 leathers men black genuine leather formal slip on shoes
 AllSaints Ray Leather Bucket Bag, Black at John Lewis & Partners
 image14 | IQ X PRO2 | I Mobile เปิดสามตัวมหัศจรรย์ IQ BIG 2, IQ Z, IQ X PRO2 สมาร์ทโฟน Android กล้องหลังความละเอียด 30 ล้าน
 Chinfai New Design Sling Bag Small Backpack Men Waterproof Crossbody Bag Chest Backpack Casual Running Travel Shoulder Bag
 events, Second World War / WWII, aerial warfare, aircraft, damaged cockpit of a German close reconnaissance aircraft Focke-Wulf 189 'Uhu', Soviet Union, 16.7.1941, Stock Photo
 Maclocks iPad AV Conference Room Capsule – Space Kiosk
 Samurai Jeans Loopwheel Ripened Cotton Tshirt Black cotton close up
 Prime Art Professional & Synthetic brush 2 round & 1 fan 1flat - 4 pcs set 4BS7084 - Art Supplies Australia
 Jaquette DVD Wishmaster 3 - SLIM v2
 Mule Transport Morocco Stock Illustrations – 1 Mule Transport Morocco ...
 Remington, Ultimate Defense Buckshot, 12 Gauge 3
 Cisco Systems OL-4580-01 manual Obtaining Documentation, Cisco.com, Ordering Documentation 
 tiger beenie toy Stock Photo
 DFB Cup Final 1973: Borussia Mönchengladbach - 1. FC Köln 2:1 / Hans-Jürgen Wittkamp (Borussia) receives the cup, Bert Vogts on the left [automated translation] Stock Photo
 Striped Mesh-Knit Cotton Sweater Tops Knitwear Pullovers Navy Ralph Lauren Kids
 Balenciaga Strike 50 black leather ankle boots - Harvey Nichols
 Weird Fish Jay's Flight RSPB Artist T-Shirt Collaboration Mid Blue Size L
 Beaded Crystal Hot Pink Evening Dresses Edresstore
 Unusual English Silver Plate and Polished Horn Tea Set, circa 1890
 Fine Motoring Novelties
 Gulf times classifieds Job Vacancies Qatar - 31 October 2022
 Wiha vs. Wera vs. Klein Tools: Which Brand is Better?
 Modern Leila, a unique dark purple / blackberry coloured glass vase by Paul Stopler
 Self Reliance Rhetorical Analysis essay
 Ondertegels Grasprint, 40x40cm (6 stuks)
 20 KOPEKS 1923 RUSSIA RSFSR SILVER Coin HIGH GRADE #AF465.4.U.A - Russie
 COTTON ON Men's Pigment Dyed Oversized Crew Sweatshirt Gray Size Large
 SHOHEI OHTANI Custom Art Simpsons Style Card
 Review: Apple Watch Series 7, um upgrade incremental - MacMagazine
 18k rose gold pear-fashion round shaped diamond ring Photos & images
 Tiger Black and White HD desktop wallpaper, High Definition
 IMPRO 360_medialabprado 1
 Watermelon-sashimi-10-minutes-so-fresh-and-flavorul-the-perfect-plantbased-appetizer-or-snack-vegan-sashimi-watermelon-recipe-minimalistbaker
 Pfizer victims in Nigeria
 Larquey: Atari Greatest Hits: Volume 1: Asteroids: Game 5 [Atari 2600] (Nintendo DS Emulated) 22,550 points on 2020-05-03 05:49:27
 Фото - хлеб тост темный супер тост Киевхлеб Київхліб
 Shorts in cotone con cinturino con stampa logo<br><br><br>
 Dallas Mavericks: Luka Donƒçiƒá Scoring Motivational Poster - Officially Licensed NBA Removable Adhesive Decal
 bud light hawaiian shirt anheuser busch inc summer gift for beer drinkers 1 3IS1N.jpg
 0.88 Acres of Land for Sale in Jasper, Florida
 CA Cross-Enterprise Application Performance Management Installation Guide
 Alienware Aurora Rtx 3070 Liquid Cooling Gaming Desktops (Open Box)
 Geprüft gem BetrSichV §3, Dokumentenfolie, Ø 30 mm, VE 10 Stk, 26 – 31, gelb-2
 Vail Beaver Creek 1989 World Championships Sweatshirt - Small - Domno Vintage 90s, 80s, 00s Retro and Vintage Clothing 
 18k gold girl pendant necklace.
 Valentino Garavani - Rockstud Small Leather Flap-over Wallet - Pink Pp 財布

__YOUR GOAL__
What you output must match the lines from the beginning of the material through the line with "Chinfai New Design" exactly, both ends included.

__SOLUTION TO THIS EXERCISE__
 leathers men black genuine leather formal slip on shoes
 AllSaints Ray Leather Bucket Bag, Black at John Lewis & Partners
 image14 | IQ X PRO2 | I Mobile เปิดสามตัวมหัศจรรย์ IQ BIG 2, IQ Z, IQ X PRO2 สมาร์ทโฟน Android กล้องหลังความละเอียด 30 ล้าน
 Chinfai New Design Sling Bag Small Backpack Men Waterproof Crossbody Bag Chest Backpack Casual Running Travel Shoulder Bag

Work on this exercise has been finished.